Comparing patients with mild or moderate/severe distress at t1 to those without distress, no evidence for differences were seen regarding the offer of psycho-oncological support (mild vs. none: OR 1.6; p = 0.06; moderate/severe vs. none: OR 1.8; p = 0.11). Yet, patients with elevated psychological distress used them significantly more often (mild vs. none: OR 2.0; p < 0.01; moderate/severe vs. none: OR 2.4; p = 0.01) ([Table 4]).

In 36% of all patients any psychological comorbidity was detected (12% acute, 16% emerging and 8% chronic comorbidity).

Patients with acute psychological comorbidity received the offer of support (OR 2.5; p = 0.02) significantly more often than those patients with emerging (OR 1.3; p = 0.46) or chronic comorbidity (OR 1.6; p = 0.35). All three groups used psychotherapy to a higher amount than those without comorbidity (acute: OR 3.2, p = 0.01; emerging: OR 2.2, p = 0.06; chronic: OR 12.2, p < 0.001) ([Table 5 a]).

Psychopharmaceutical intake

Five years after diagnosis, 14% of the BC patients took psychotropic drugs. Patients with psychological comorbidities received medication significantly more often compared to those without comorbidity (acute: OR 3.8, p = 0.002; emerging: OR 4.4, p < 0.001; chronic: OR 15.4, p < 0.001). Especially those patients with chronic psychological disease used medication ([Table 5 b]).

Discussion

Clinical implications

BC can cause severe morbidity. It is already known that a relevant percentage of BC patients is psychologically affected by the diagnosis and treatment. This fact might lead to economic and social impairments. Former analyses showed that 22% of young disease-free BC survivors showed reduced working times 1 year after diagnosis, due to fatigue and psychological problems [10].

We found 45% patients to be psychologically affected 5 years after BC diagnosis of which 18% showed moderate and severe impairment. These findings are in line with the literature. A systemic review including 38 trials showed that 20 – 50% of BC patients suffered from anxiety and 10 – 30% of BC patients had depressions. It is an unfortunate fact that BC survivors also have an up to 60% increased risk for suicide [11].

Thus, the prevention of psychological distress but also the assessment of requirements in psychological care are of central interest. Further analysis of the BRENDA found that financial issue and role functioning problems matter [12]. When asked at t4, 6% of patients mentioned financial problems, while health issues and the situation with the partner or the family were mentioned in 55% and 18%, respectively. The offer or the use of social services was not higher in patients with financial problems [13]. Since distress is often higher in patients with lower income and differs by age, we adjusted for these variables (age, income, education) in our regression analysis.

When analyzing the offer for psychological services for BC patients at diagnosis, we found that 77% of moderately or severely affected patients have been addressed.

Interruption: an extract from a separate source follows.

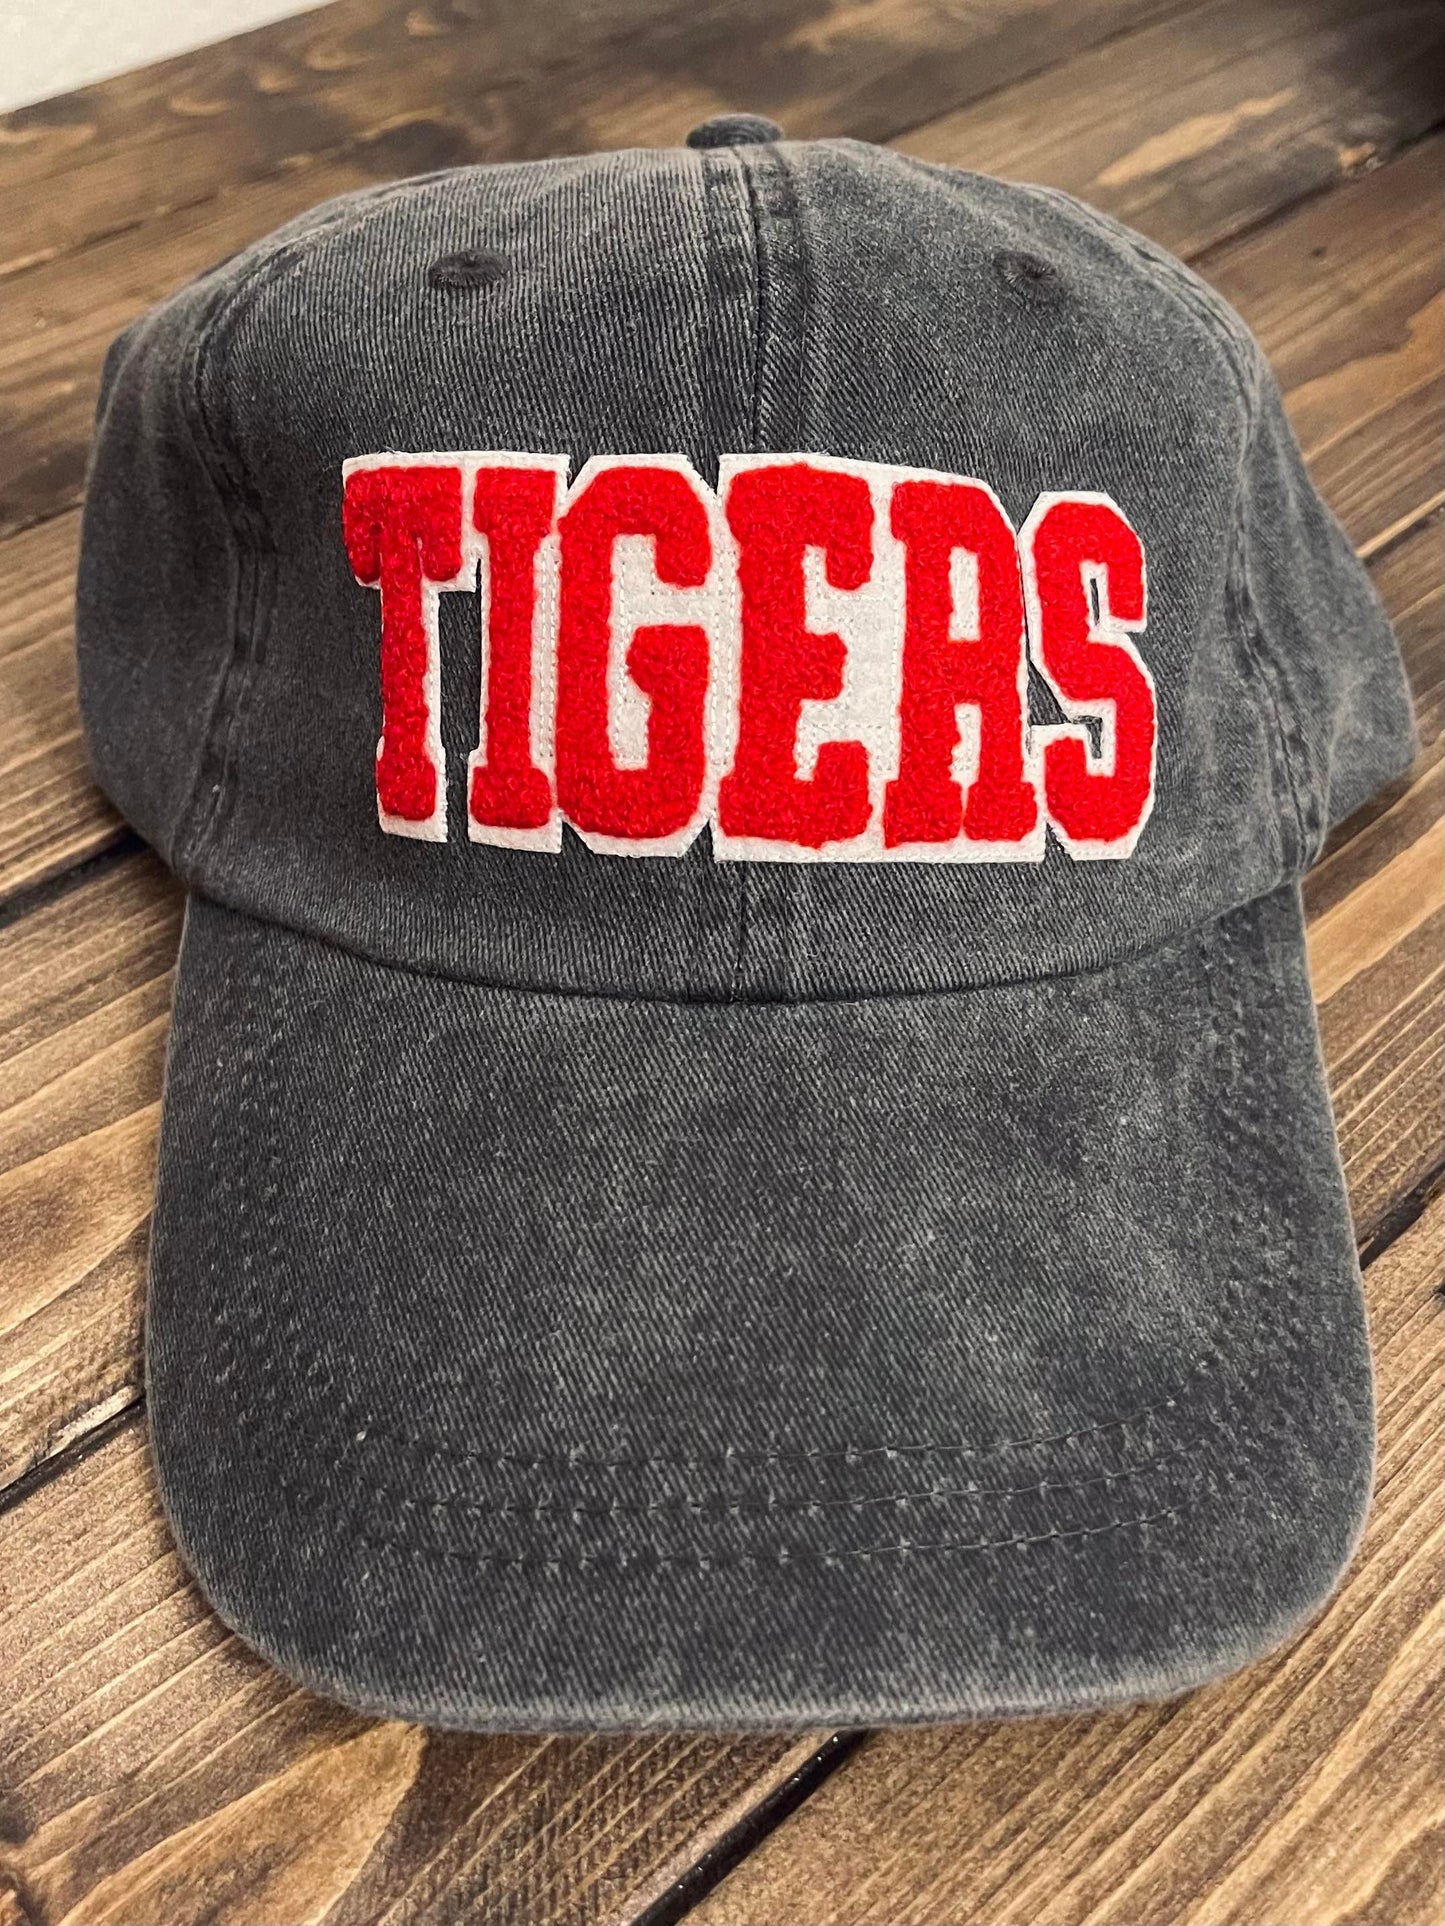 TIGERS - Vintage Chenille Patch Cap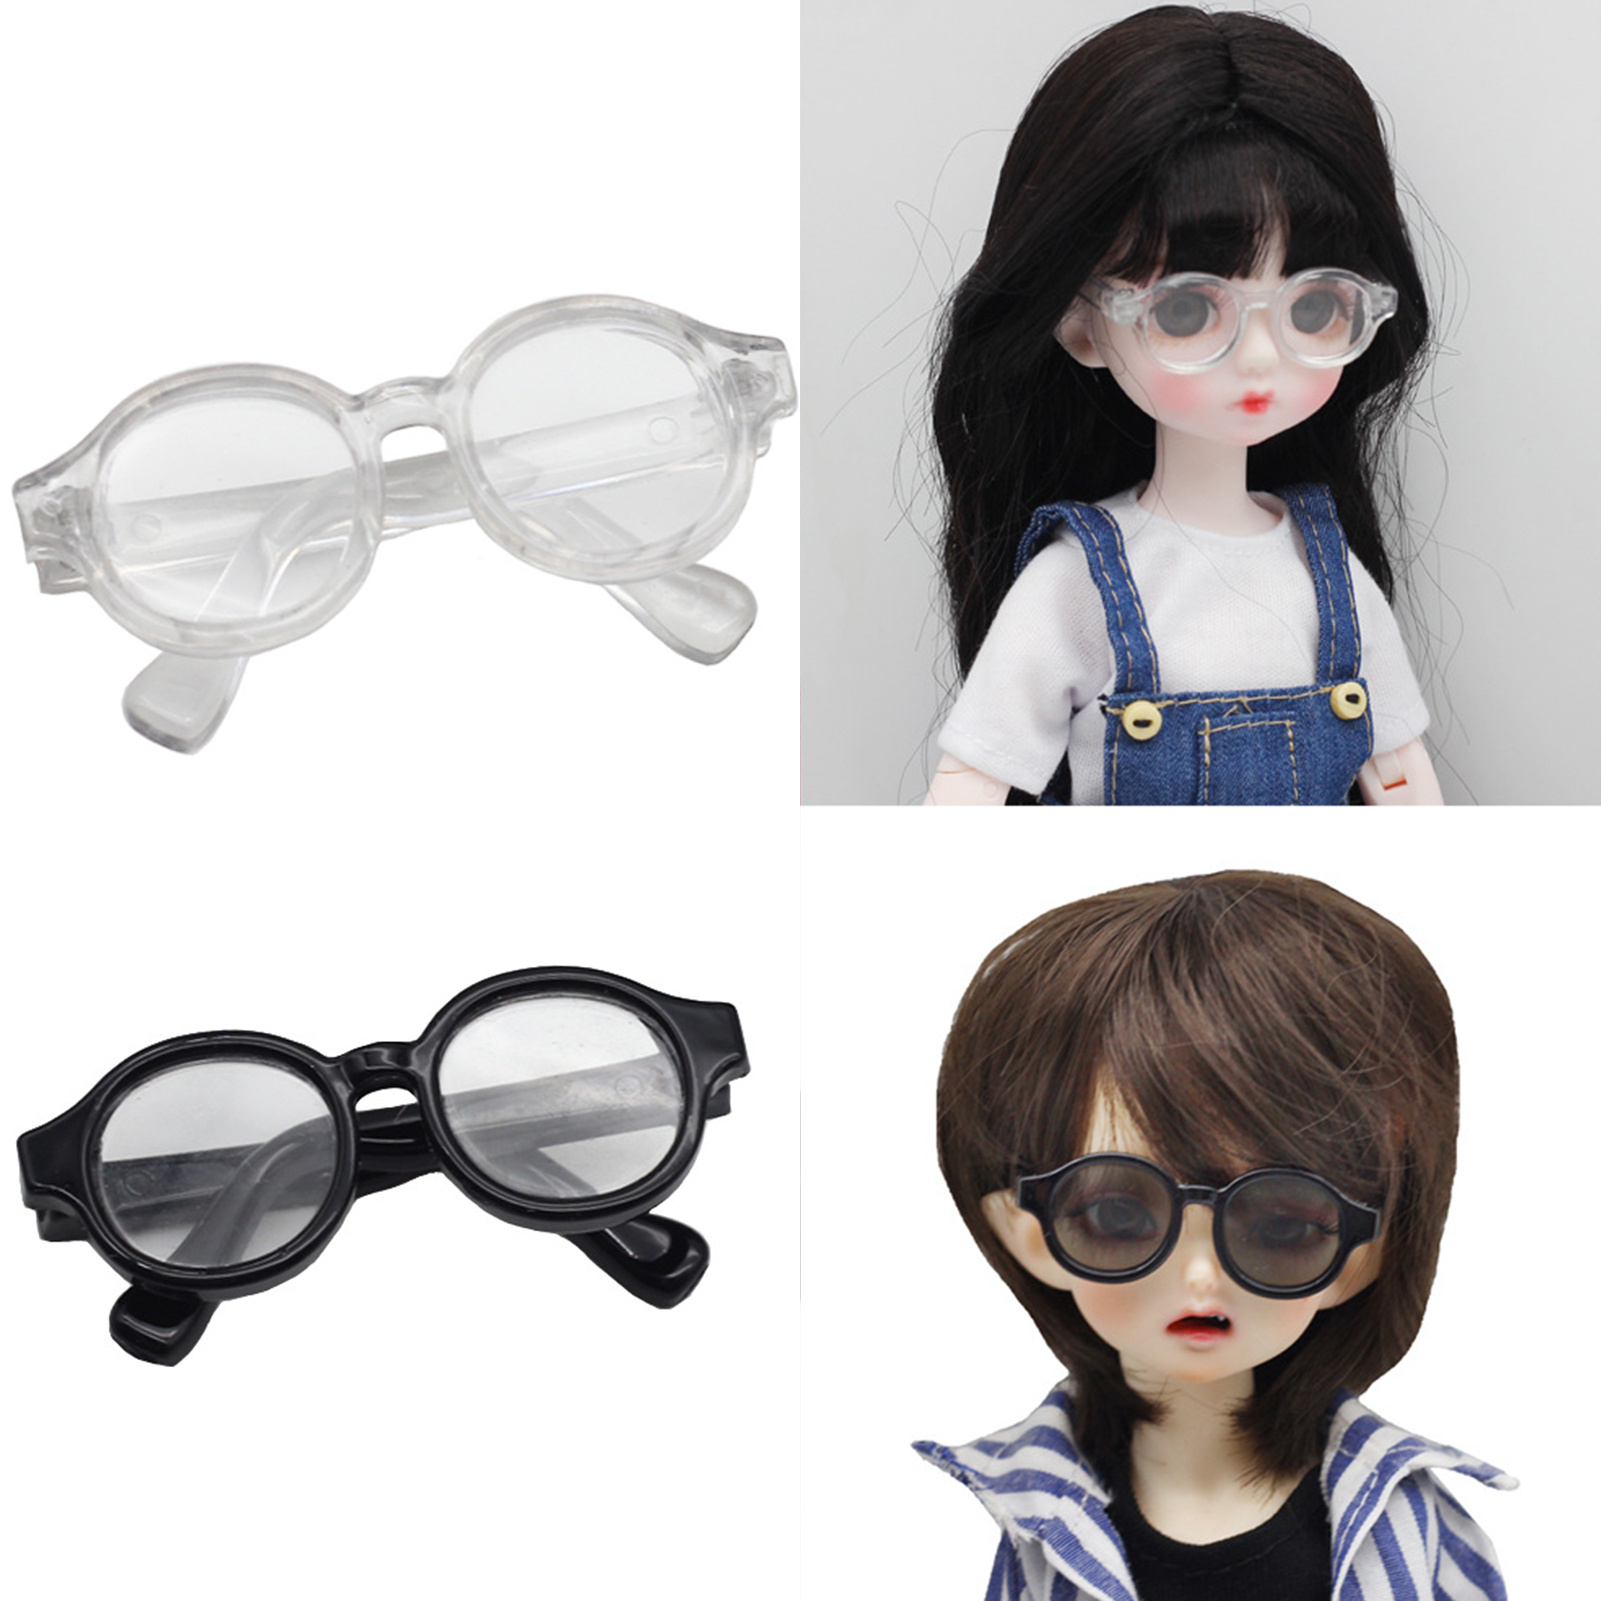 Vivid Girl ตุ๊กตาแว่นตาตกแต่งสวยรอบรูปตุ๊กตาเด็กหญิงน่ารักแว่นตาสำหรับเด็ก

This fact led to 74% of those patients actually receiving psychological service. One would expect higher rates for the offer of psychological services at t1 for all distress groups but especially for those with severe impairment.

At t4, even more of those affected patients received and used the offer for services. When compared to the literature, it seems that rates for psychological support vary widely. Trevino et al. showed that only 24.6% of BC patients stage 0–III with anxiety received psychological counseling during adjuvant treatment in New York [14]. Another German survey determined a provision of psycho-oncological care in 86.8% of all cases [15].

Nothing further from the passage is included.